* Requirement
Without copying any picture, return all lines below exactly.

* Dataset section
^^^^^^^^^^^^^^^^
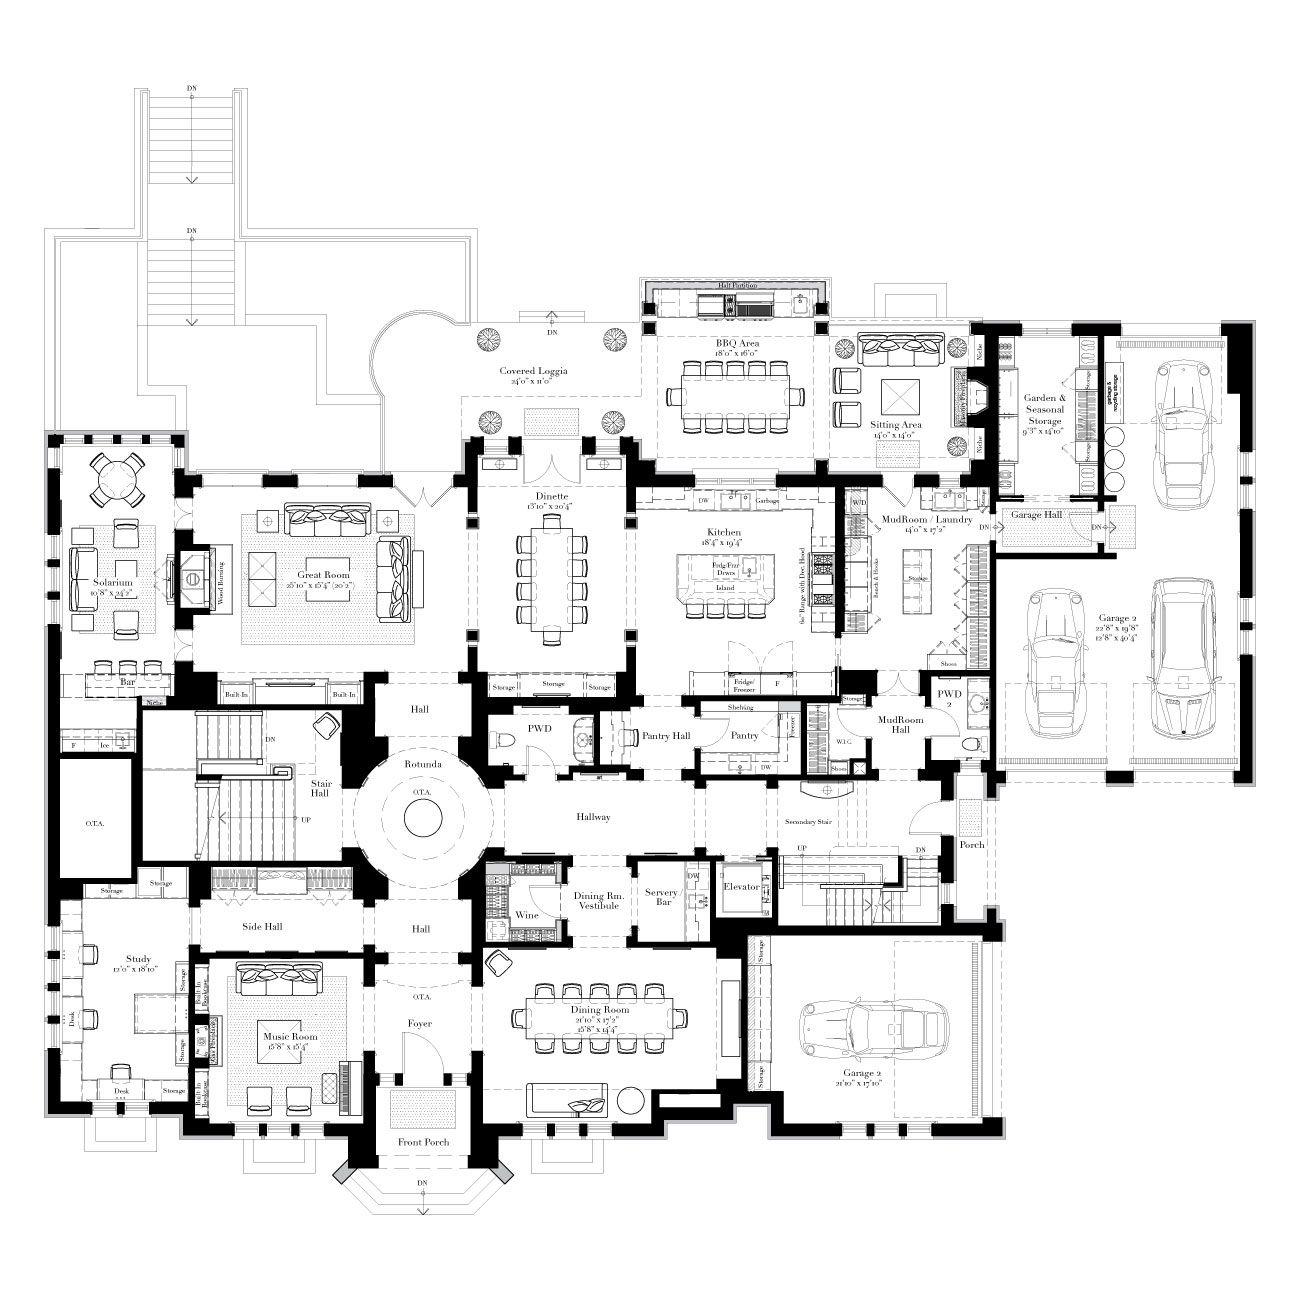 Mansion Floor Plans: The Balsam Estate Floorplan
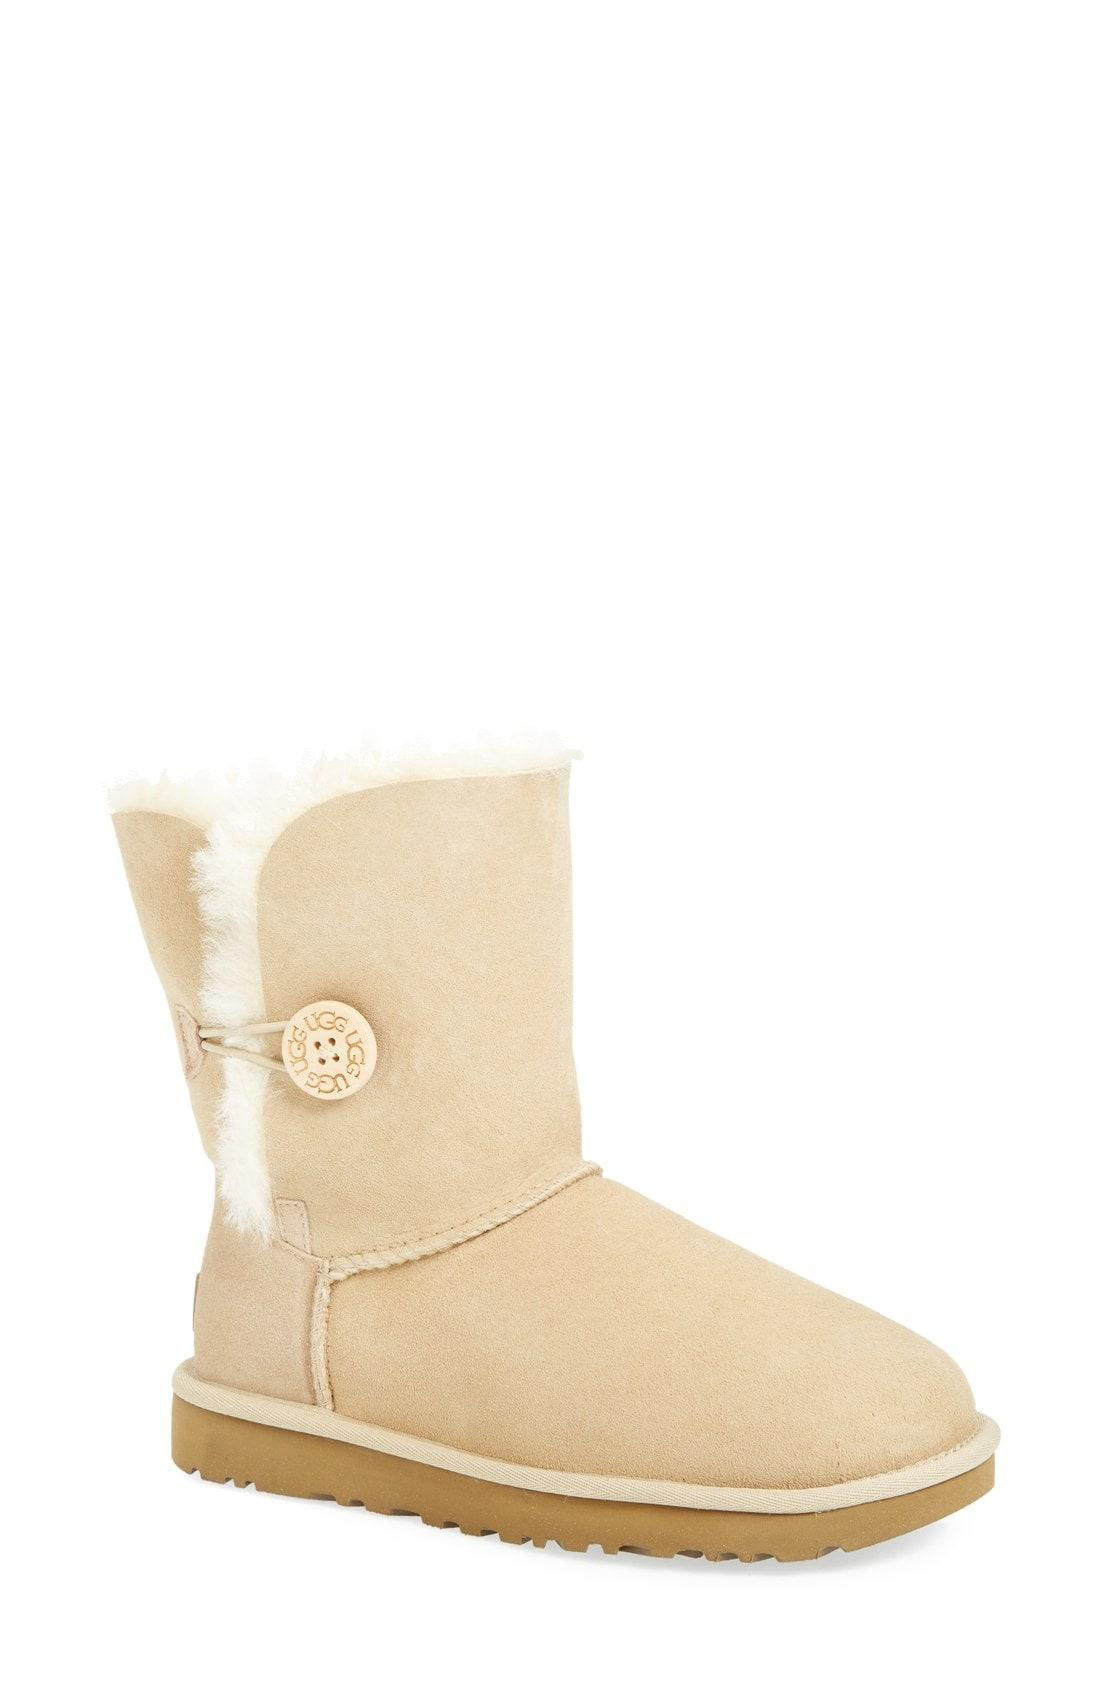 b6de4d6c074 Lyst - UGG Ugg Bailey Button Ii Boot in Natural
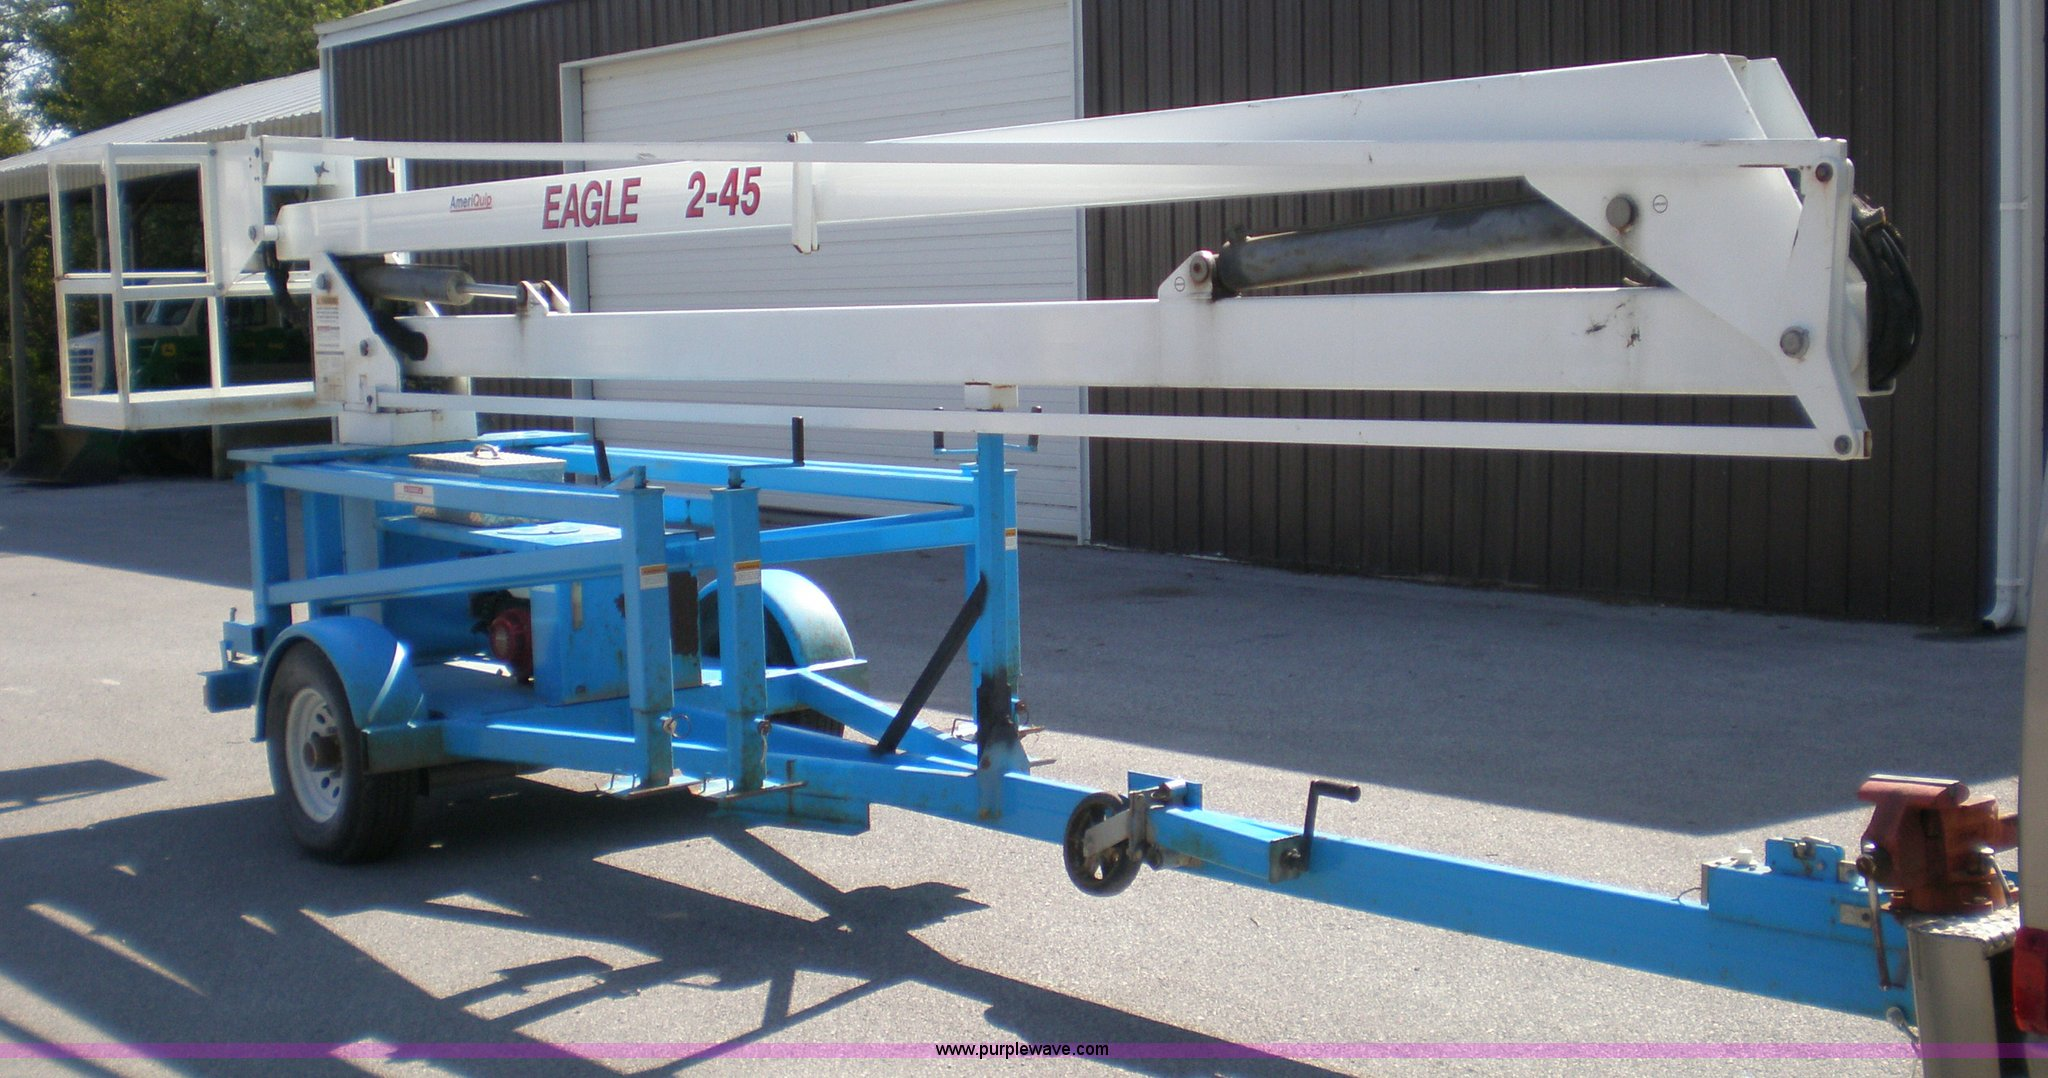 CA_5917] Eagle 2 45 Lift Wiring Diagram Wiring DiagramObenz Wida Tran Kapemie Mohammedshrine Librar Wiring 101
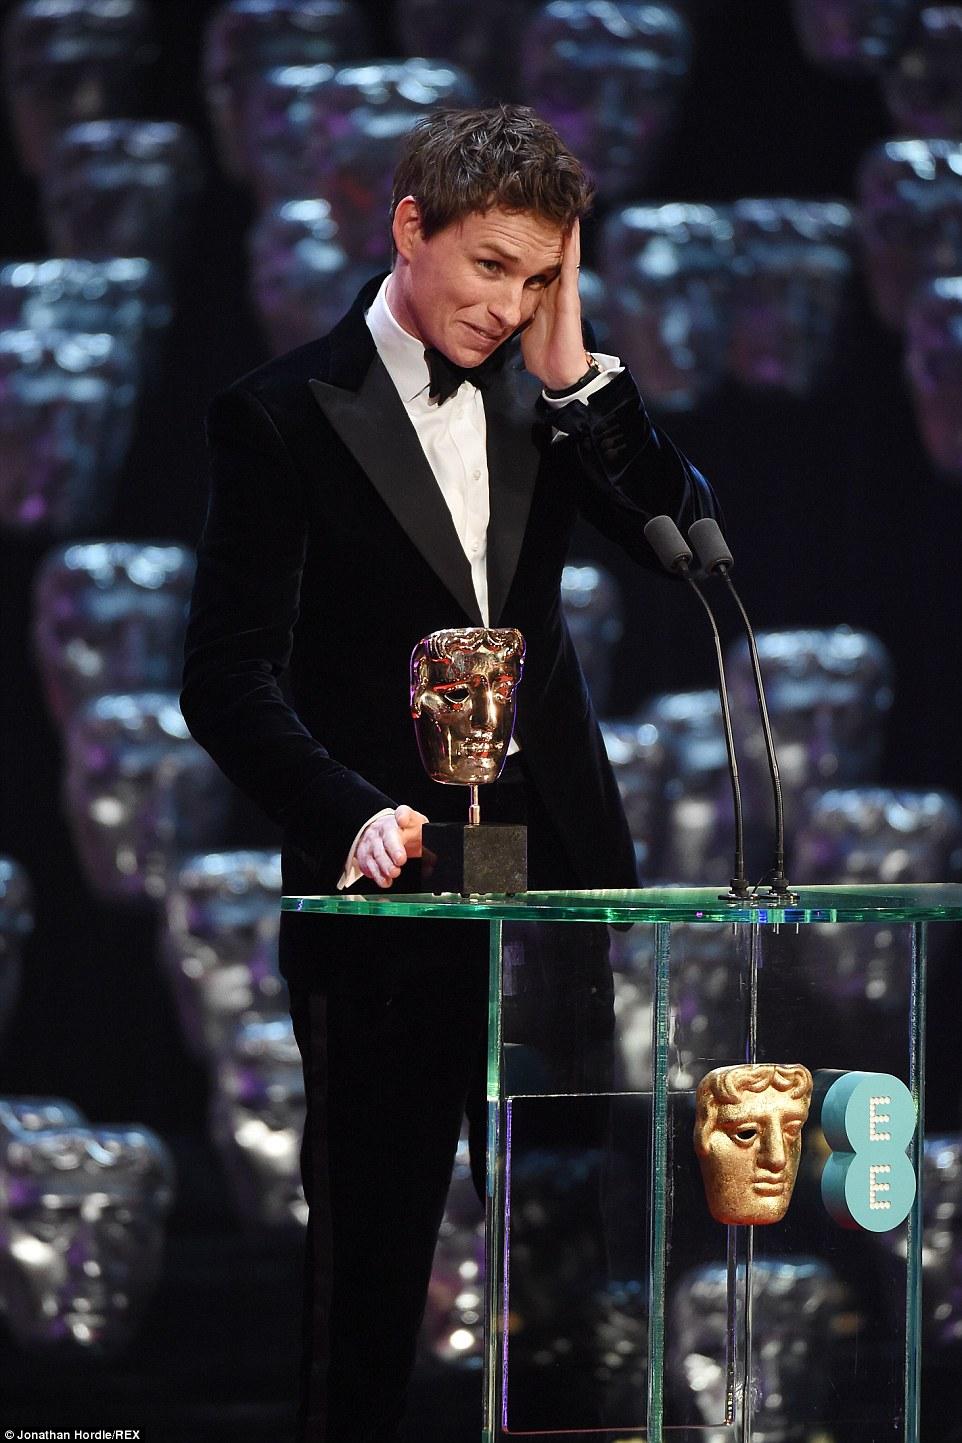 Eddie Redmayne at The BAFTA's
^^^^^^^^^^^^^^^^
* Your solution
 Mansion Floor Plans: The Balsam Estate Floorplan
 b6de4d6c074 Lyst - UGG Ugg Bailey Button Ii Boot in Natural
 CA_5917] Eagle 2 45 Lift Wiring Diagram Wiring DiagramObenz Wida Tran Kapemie Mohammedshrine Librar Wiring 101
 Eddie Redmayne at The BAFTA's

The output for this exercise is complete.